Looking briefly at two specific areas, namely home and motor insurance, it is noted that, at the time of writing we have been spared the impact of serious storms or nation-wide floods in 2001. Like any industry, we must plan and budget for such incidents. However, over the past four years, the frequency and cost of serious weather related events has necessitated a complete rethink of claims forecast modelling for home insurance. In the light of continuing climatic change, insurers cannot continue to pay for what are increasingly foreseen events.

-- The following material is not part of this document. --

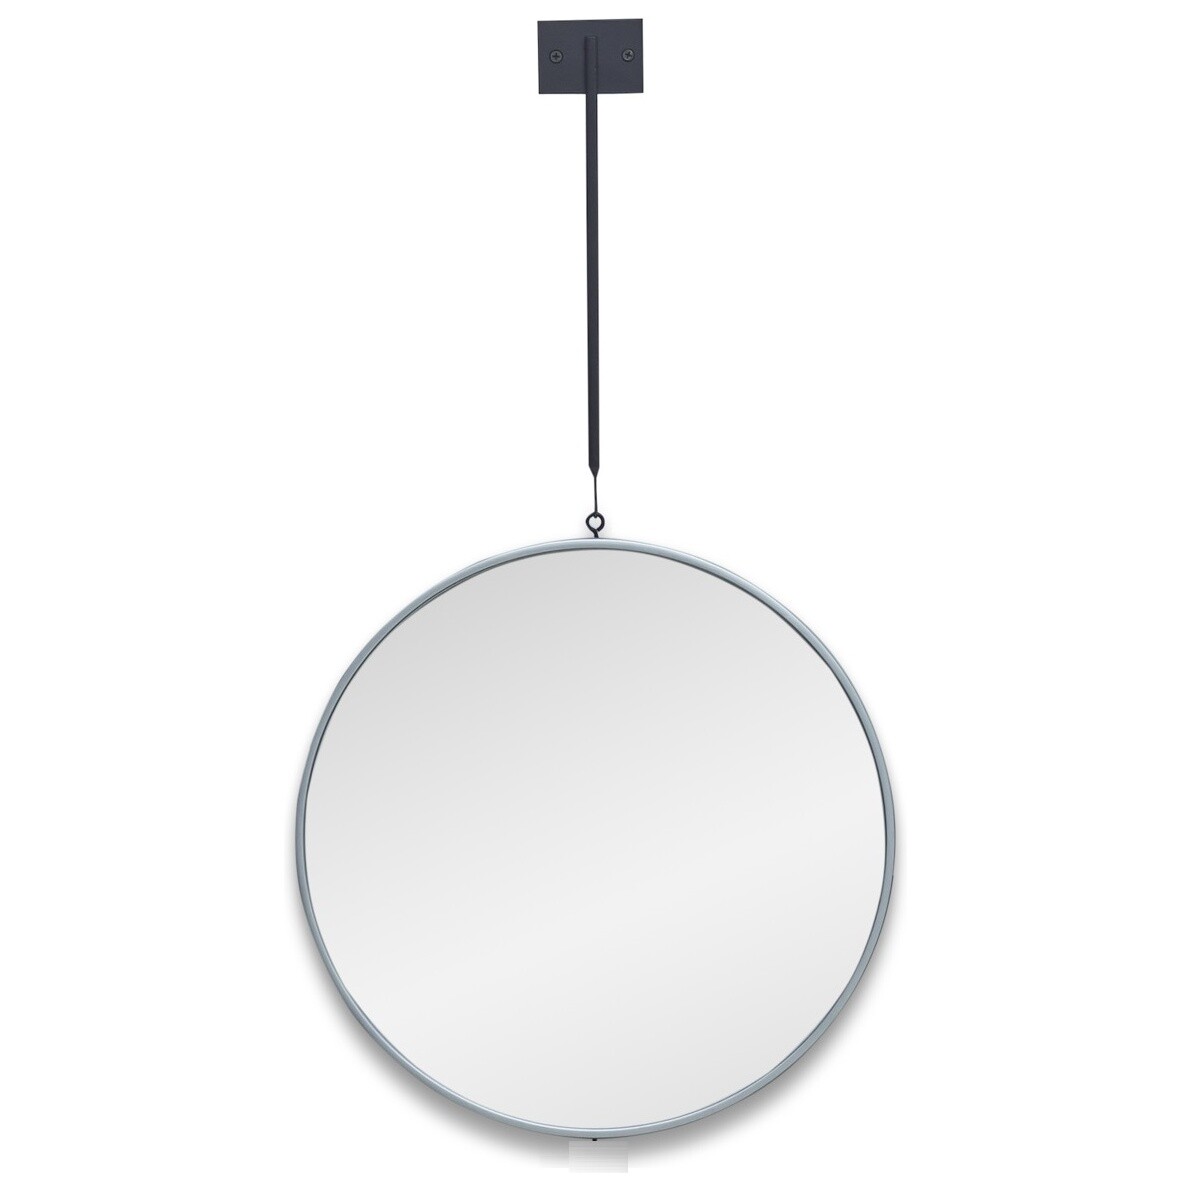 Зеркало настенное круглое на подвесе в тонкой раме серебро Tandem M Silver
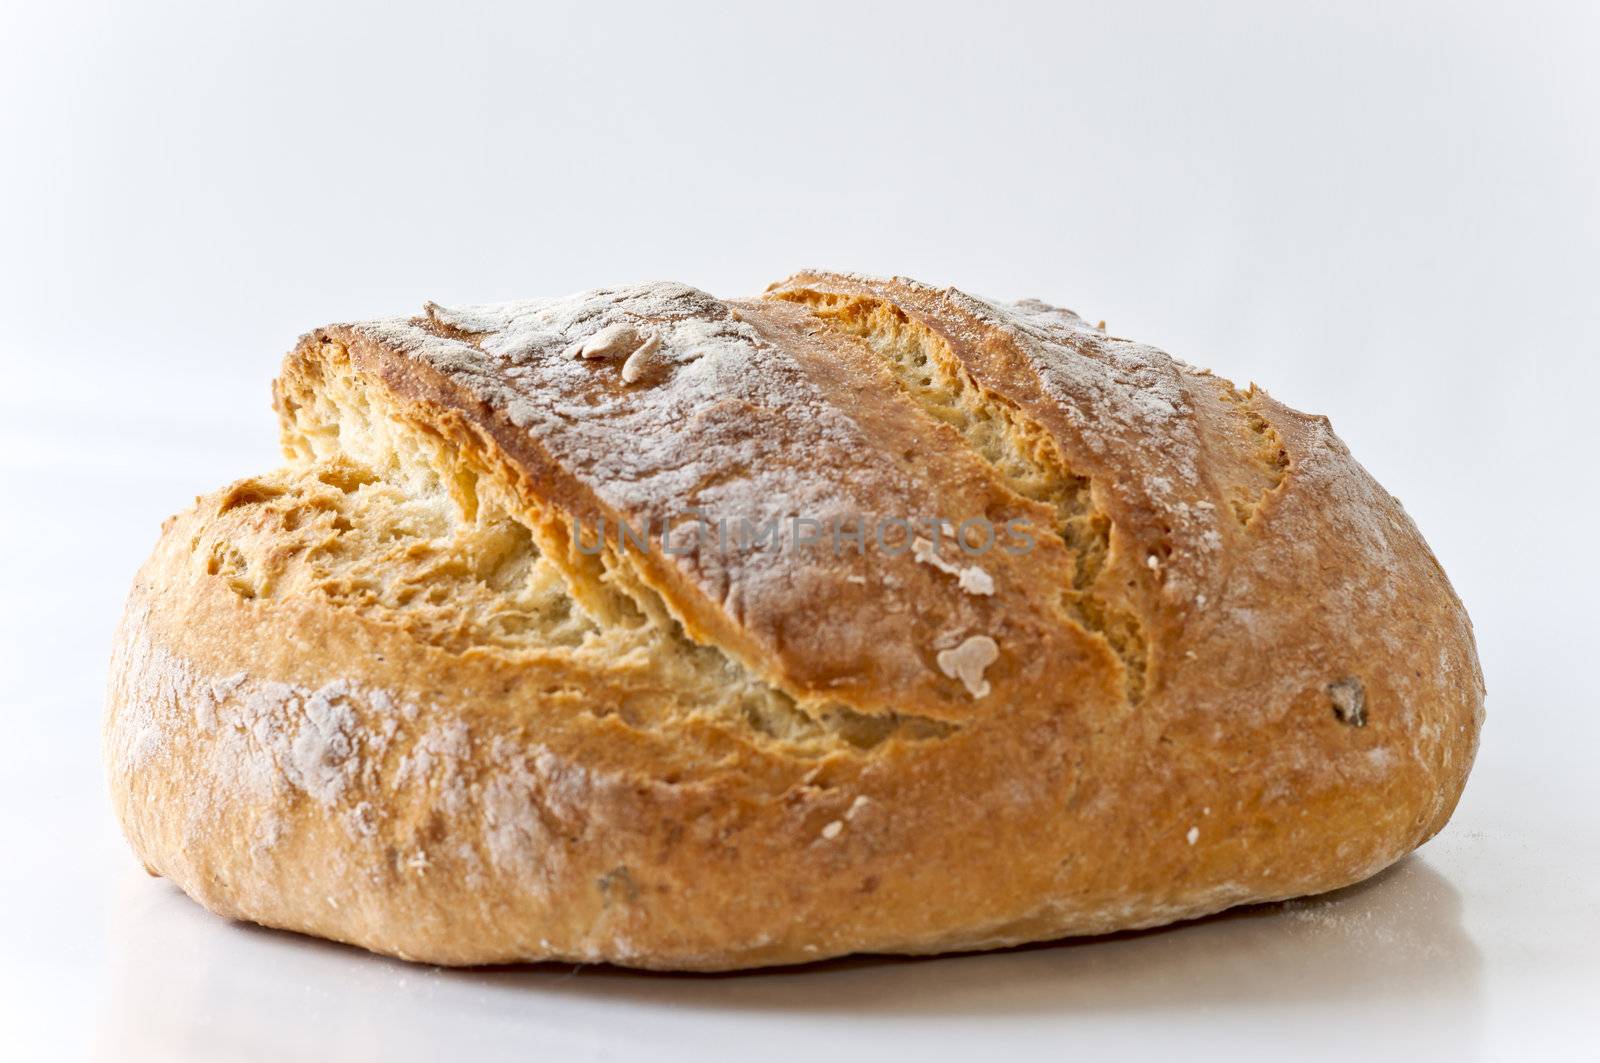 Honey white bread with poolish on white background close up

The cost of motor insurance continued to be vigorously debated during the year. This sector accounts for some 50 percent of all insurance premiums in the Irish market. Compared to many other markets, the cost of motor insurance premiums in Ireland is expensive. The reason is abundantly clear - premium charges are directly linked to the frequency and cost of claims. Insurers will continue to develop positive initiatives to try and enhance the cost position for segments of this market but, until there is a fundamental mindset change in driving attitudes, specifically with respect to speed, drink or careless driving related incidents, the basic climate will not change. It will take aggressive and continuous government led road safety initiatives, supported by rigorous enforcement of the law to create this sea change.

It would be wrong to review the past year without commenting on the legal fees attaching to claims settlements. Such charges now account for some 40 percent of claims costs in the market and feed directly into the cost of insurance premiums. This is simply not acceptable. We must maintain a fair and equitable approach to delivering compensation. But we can streamline the legal process involved in settling claims, particularly those related to personal injury compensation, and control one of the major costs in our business. Government led initiatives such as the establishment of the Personal Injuries Assessment Board must be driven forward with the support of insurers, the legal profession and other interested parties.

Looking forward
Despite the negativity surrounding the general insurance market in recent, we can look forward with more confidence. Aided by a growing understanding among customers of the true value of their insurance policy and with an emphasis on driving costs out of the industry, growth opportunities will emerge. Encouraging as that may be, the investment community will remain focused on how organisations plan to take advantage of these opportunities. The winners will be the global organisations which can differentiate themselves from the pack through underwriting and claims excellence and through class leading customer service and innovation. For some companies this may require a concentration on selected business segments only, as the days of trying to be a good ‘jack of all trades’ are over. In the Irish market six companies underwrite some 80 percent of all non-life premium income. With the exception of a couple of specialist niche players, it is difficult to see others willing to make the long term investment of capital required gain a sufficient foothold and financial return in the Irish market.